Другое дело, что только с формированием централизованного бюрократического государства евреи стали подлежать обязательному призыву в регулярную армию. В Австрии это происходит еще в конце XVIII в., затем воинская повинность вводится во Франции и позднее – в России. Правда, в Австрии служба воспринималась как некая почетная обязанность в обмен на процесс эмансипации и отмену ограничений. Поэтому, например, пражский раввин Йехезкель Ландау приветствовал законы Иосифа II, в том числе призыв в армию, в рамках которого евреи могли доказать свой патриотизм.
Специфика же российского призыва заключалась в том, что он был идеологически мотивирован. Николай I рассчитывал, что армия станет мощным инструментом разрушения традиционного еврейского общества и перевоспитания еврейской молодежи. Не удивительно, что в России, где не было никакого эмансипационного контекста, призыв рассматривался как бедствие – гзера, от которого нужно защититься. По закону евреев могли призывать с 12 лет, в отличие от всех других групп населения, призывавшихся с 18 лет. И эти дополнительные шесть лет не засчитывались в срок службы.

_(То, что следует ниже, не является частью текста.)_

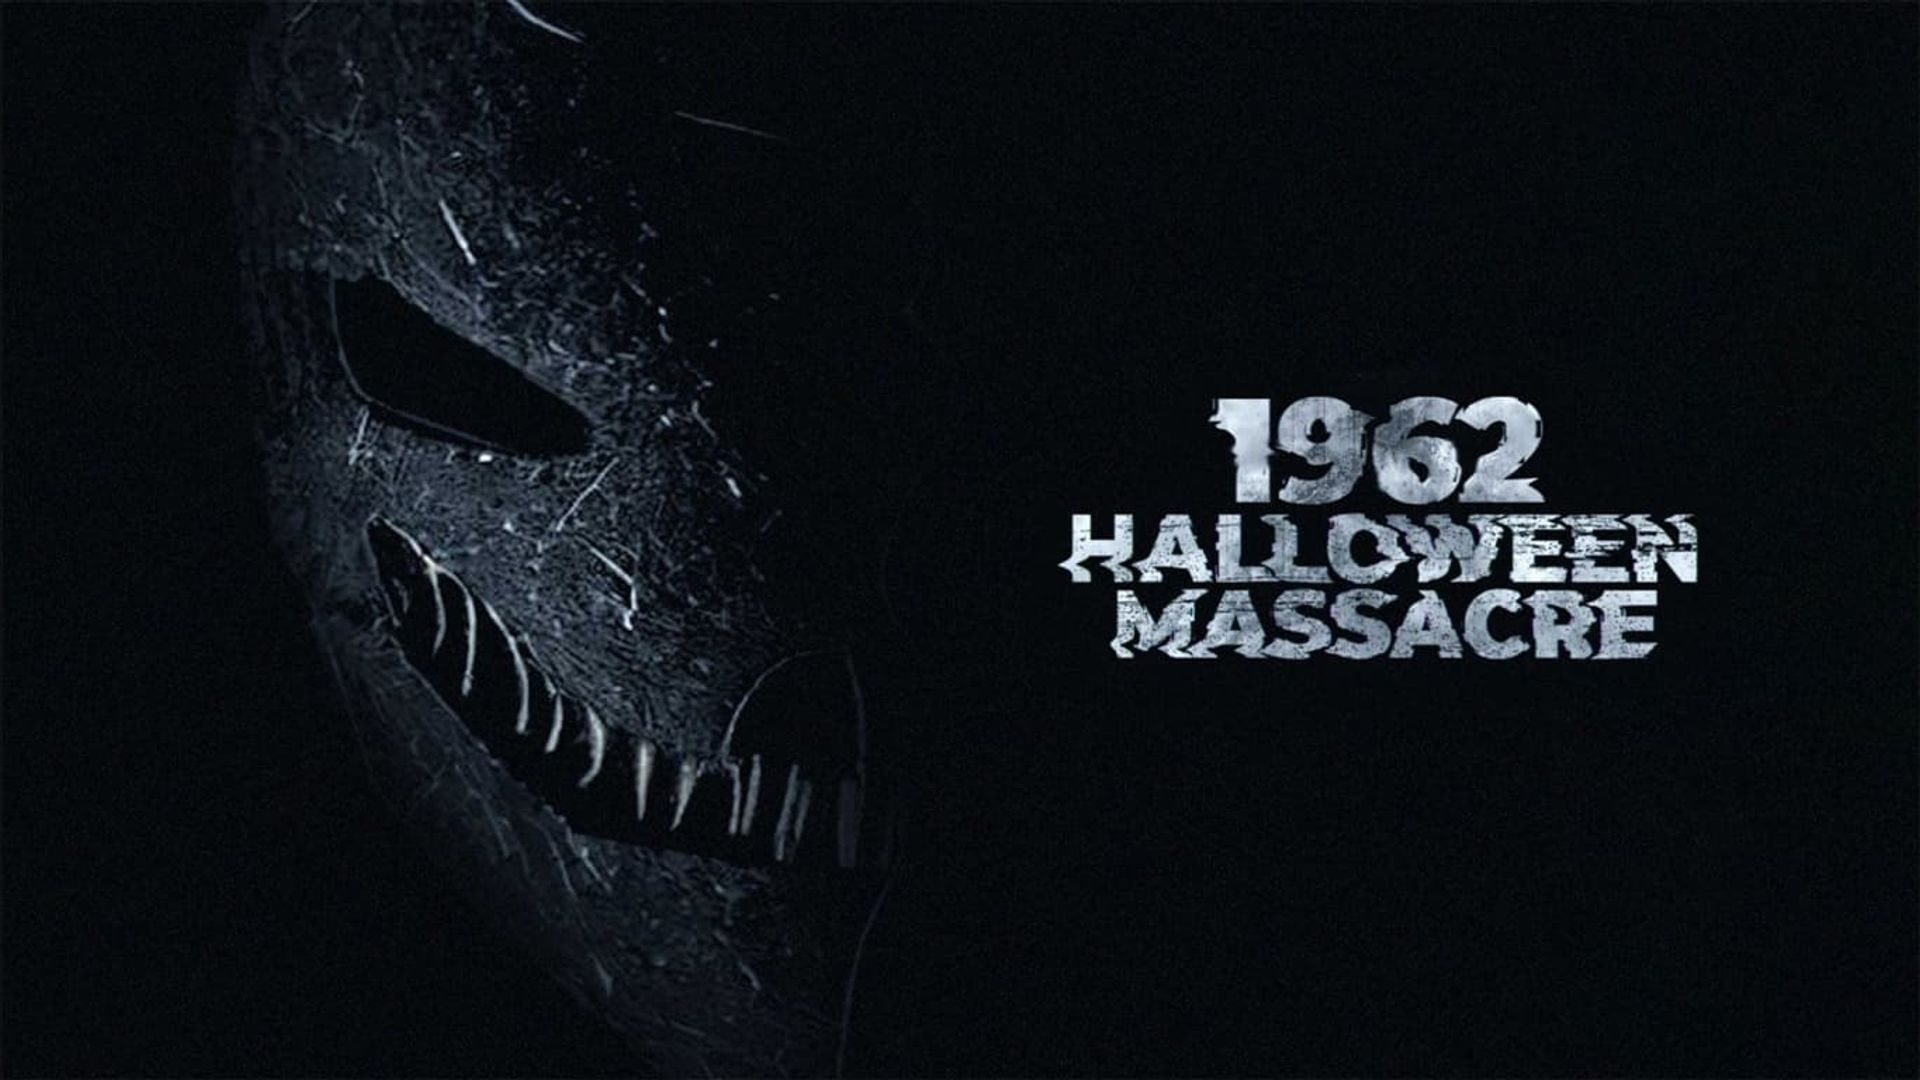 1962 Halloween Massacre background
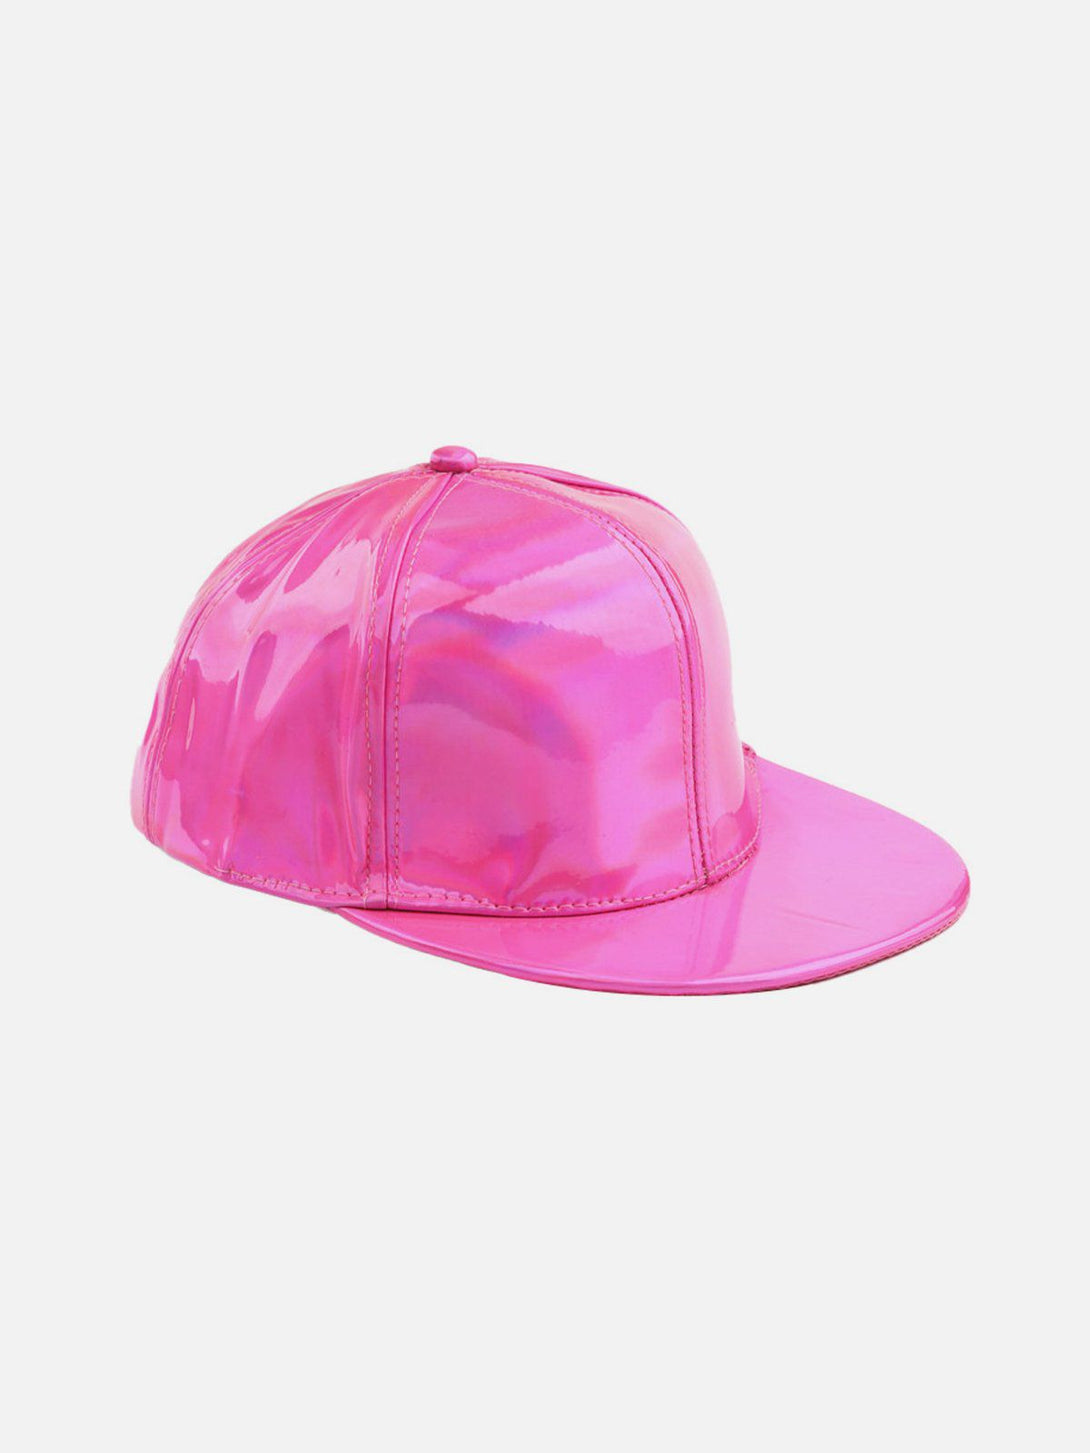 Majesda® - Laser PU Rainbow Baseball Cap- Outfit Ideas - Streetwear Fashion - majesda.com

Детей отдавали в школы кантонистов и по достижении совершеннолетия отправляли служить на 25 лет – как правило, за черту оседлости. Таким образом, всякий контакт с родными и близкими исключался более чем на 30 лет – по сути, это означало потерю ребенка…
И тут еврейское общество действовало в интересах коллектива, а не индивидуума. Коллектив заинтересован прежде всего в сохранении своих наиболее важных центров – во-первых, людей ученых, а во-вторых, богачей, несущих на себе основное бремя налогообложения. Поэтому общинное руководство избавлялось при помощи призыва от маргинальных элементов – малоимущих, социально опасных, криминальных и вольномыслящих, – чтобы удар пришелся на эту непродуктивную с точки зрения традиций часть населения и не затронул элитарные круги.
– И в самой общине не раздавались голоса протеста?
– Ряд духовных лидеров пытался протестовать, но надо понимать, что реальной власти у раввинов не было, они не могли противостоять социально-экономической элите. Хотя известно о восстаниях против кагальной власти. Самое яркое из них – так называемое Мстиславское буйство – бунт против раскладки воинской повинности, с освобождением силой набранных рекрутов, нападением на полицию и т. п. Бунт этот был жестоко подавлен, большинство мужчин города сгноили на каторге, многие просто погибли после того, как их прогнали сквозь строй.
В еврейской коллективной памяти этот период отмечен как «грех кагала». И это аморальное поведение, кстати, способствовало падению авторитета еврейского самоуправления: приличный человек не шел в главы общины, чтобы не решать, образно говоря, кому жить, а кому умереть.
– Часто ли вспыхивали «еврейские войны» и что становилось их причиной?
– Несомненно, конфликты были всегда. Это могли быть клановые разборки, борьба за ту или иную должность, войны престижа между духовными лидерами, агрессивный антагонизм между низами и социальной элитой. Первой такой войной с взаимными проклятиями стал караимский раскол в VIII в.
Следующая война подобного масштаба развернулась вокруг сочинений Рамбама, когда не обошлось без вмешательства Церкви. Противники Рамбама уже после его смерти обратились к церковным иерархам, пытаясь убедить их в том, что сочинения философа опасны не только для иудаизма, но и для христианства. И убедили настолько, что доминиканские монахи стали публично сжигать труды Маймонида.
Глобальной войной, потрясшей основы традиционного еврейского мира, стало лжемессианское движение Шабтая Цви, а потом Якова Франка.
Десятилетиями длилась борьба хасидов и митнагедов, а XIX в. ознаменовался серьезным противоборством между просвещенным лагерем, который стремился к интеграции в окружающее общество, и традиционалистскими кругами.
– Как часто враждующие лагери апеллировали к государственной власти и позволяла ли власть втянуть себя в еврейские разборки?

Беседовал Михаил ГОЛЬД

Полностью эту статью вы можете прочесть в печатном или электронном выпуске газеты «Еврейская панорама».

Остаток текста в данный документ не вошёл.